8 Wing Trenton, Ont., has done itself proud this year by donating 71 shoeboxes full of Christmas cheer as part of Operation Christmas Child.
“This is pretty awesome,” says wing chaplain Major Tracy Graf. “We’re very happy [to have done this] in such a short time.”
Operation Christmas Child is part of the Samaritan's Purse ministry under Franklin Graham, son of Billy Graham. It is a ministry that donates shoeboxes full of small gifts and necessities such as toiletries (soap, toothbrush) and school supplies to children in impoverished nations. When culturally appropriate, the story of Jesus is also shared in the community that receives the boxes, although it is not obligatory.
“I think this may be the first year in recent times that it has been offered on the wing,” Maj Graf notes. The boxes will now be taken to the regional collection centre, which is the Maranatha Church in Belleville, Ont.
Maj Graf was able to participate in the distribution of these shoeboxes when she went to Nicaragua following Hurricane Mitch in 1998 as part of a medical missionary team. It was a life-changing experience and still brings tears to her eyes when she thinks about it.
She said people often don’t realize how important and significant this kind of gift can be to children in developing countries.
“A whole family might be using one toothbrush for a full year. A box like this can double their worldly possessions,” says Maj Graf.
Maj Graf and other chaplains hope to make this an annual event offered on the wing through the chapel. Every child 12 or under gets a box, whether they go to church or not. In 2012, Operation Christmas Child will collect their 100 millionth shoe box gift, according to the organization’s website.

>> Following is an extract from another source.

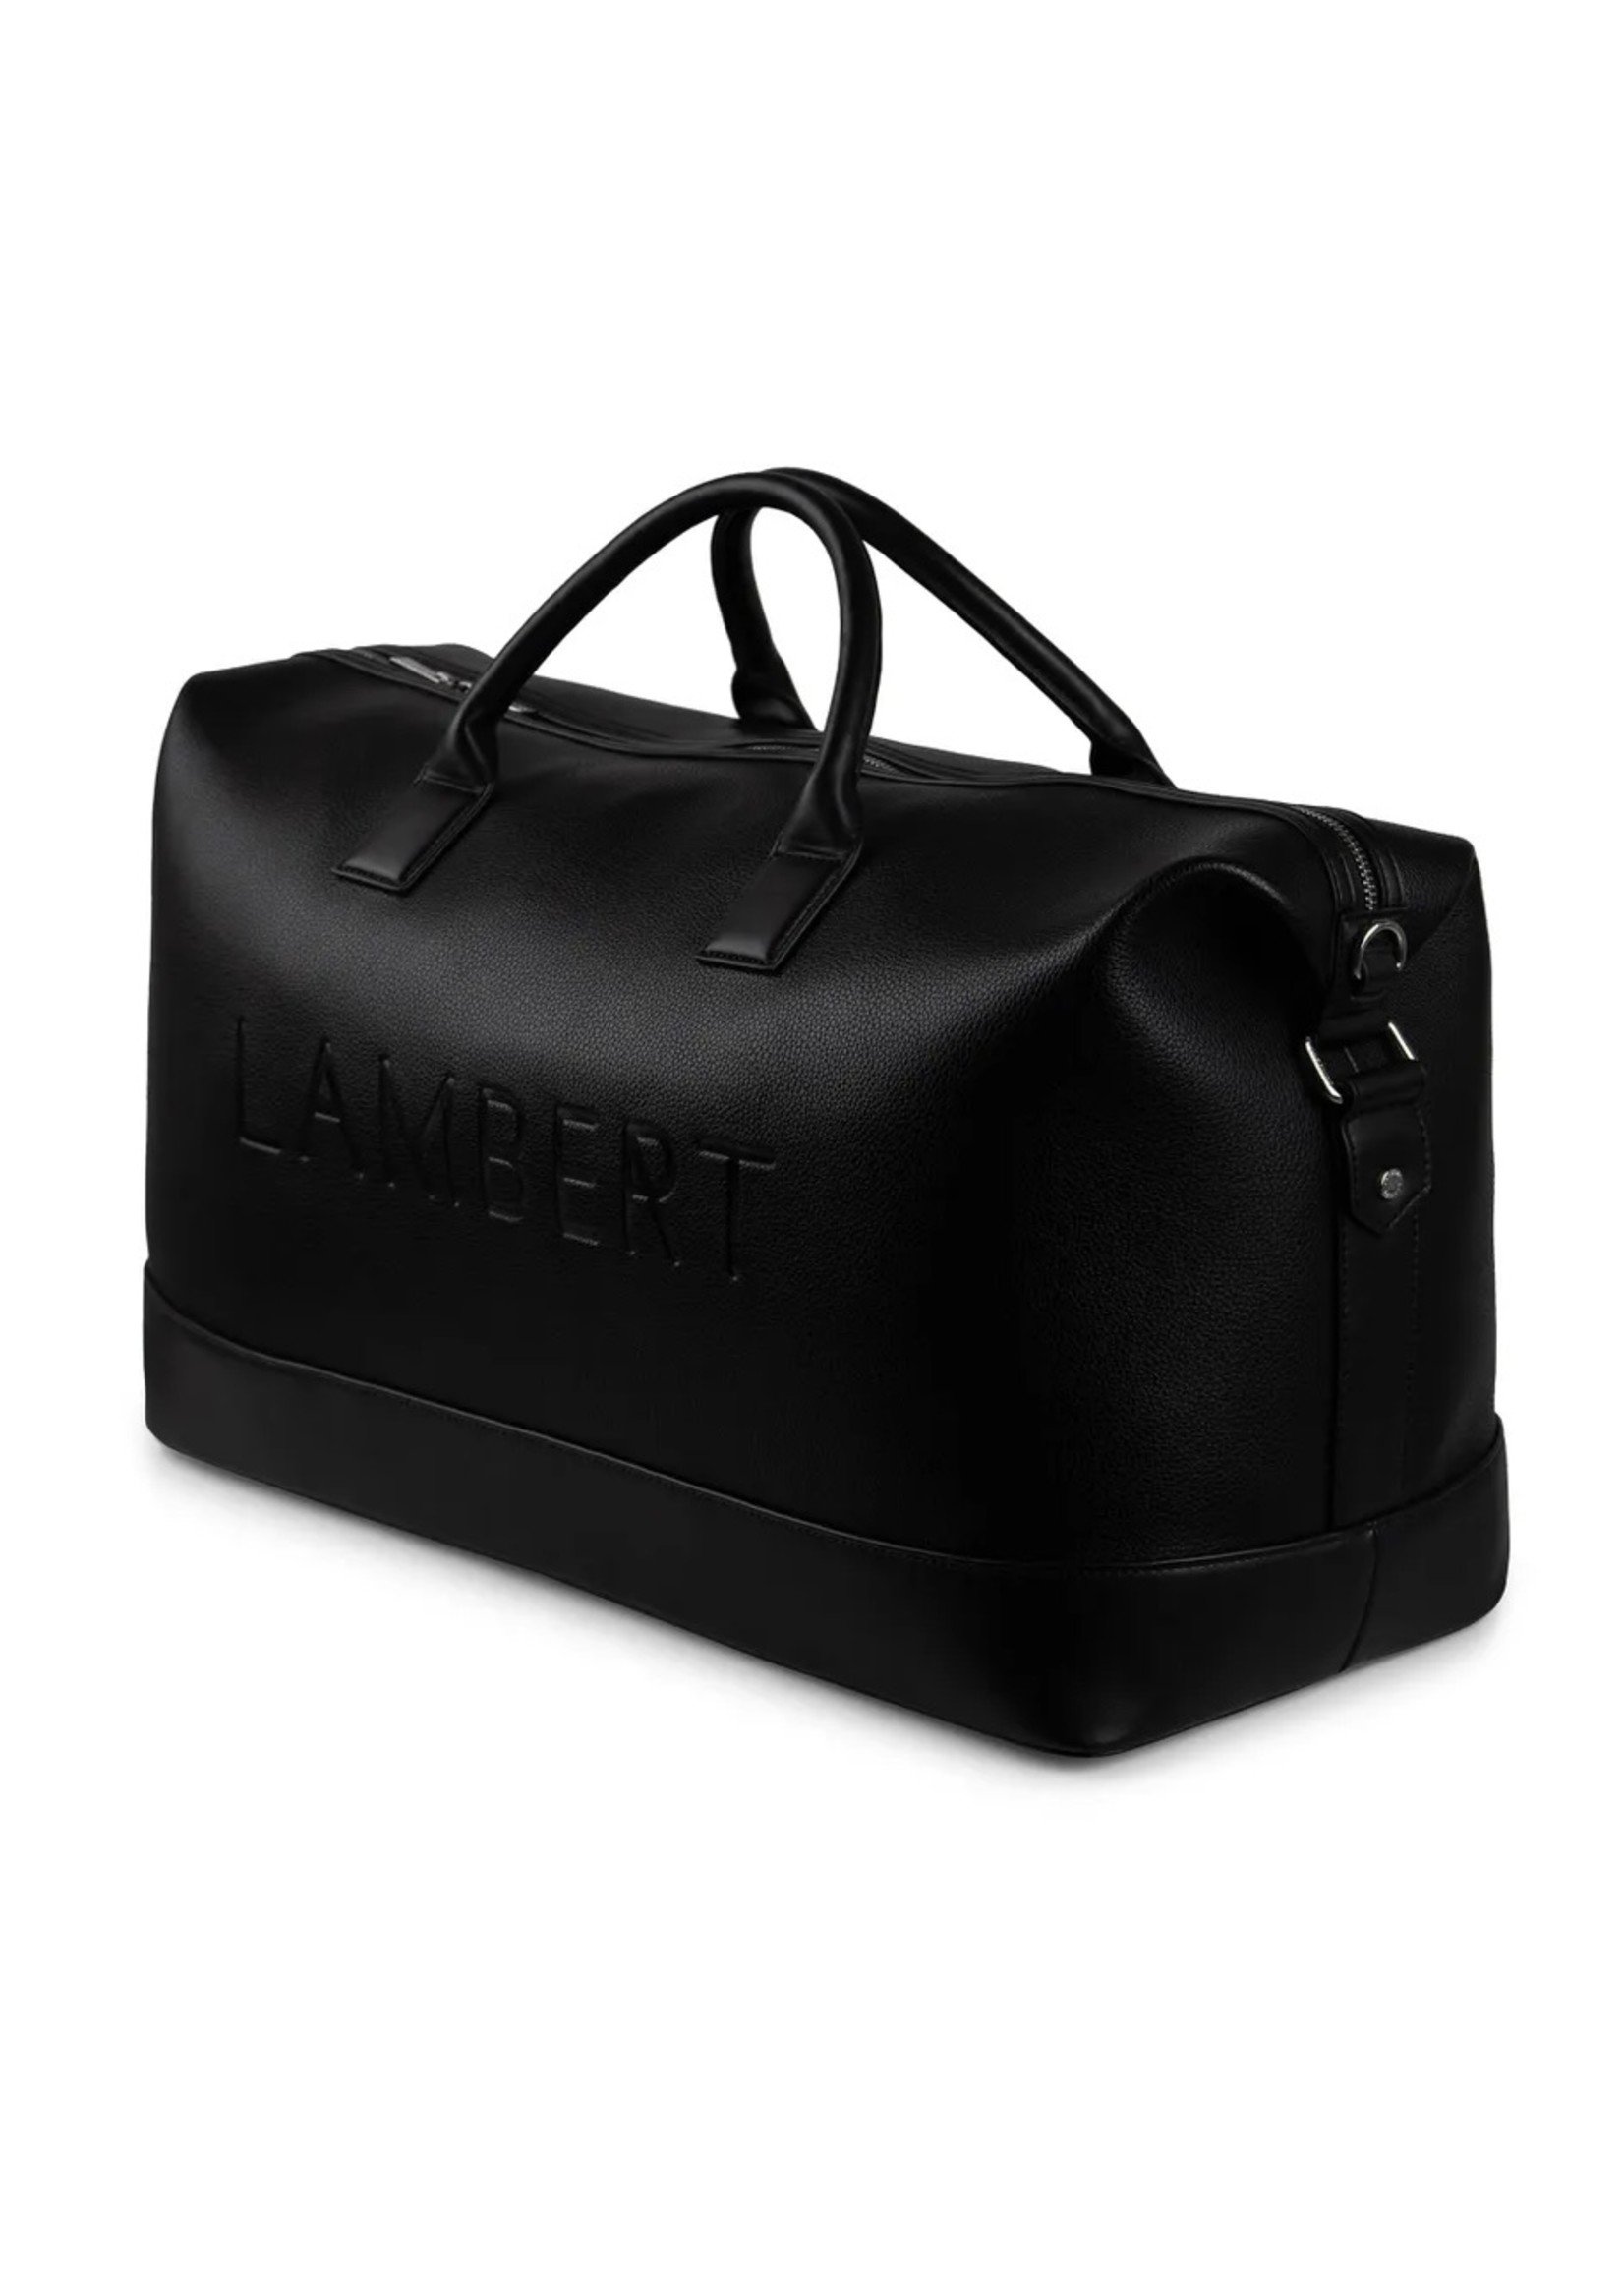 Lambert Lambert - June

The boxes collected in Canada for are destined for distribution to Costa Rica, El Salvador, Equatorial Guinea, Guatemala, Guinea, Guineau Bissau, Haiti, Ivory Coast, Nicaragua, Paraguay, Senegal, Sierra Leone, Uruguay and Venezuela.
“Some people put a picture of their own child in the shoebox and the child receiving it will take it out and hold onto it and say, ‘I have a friend in Canada’,” Maj Graf says.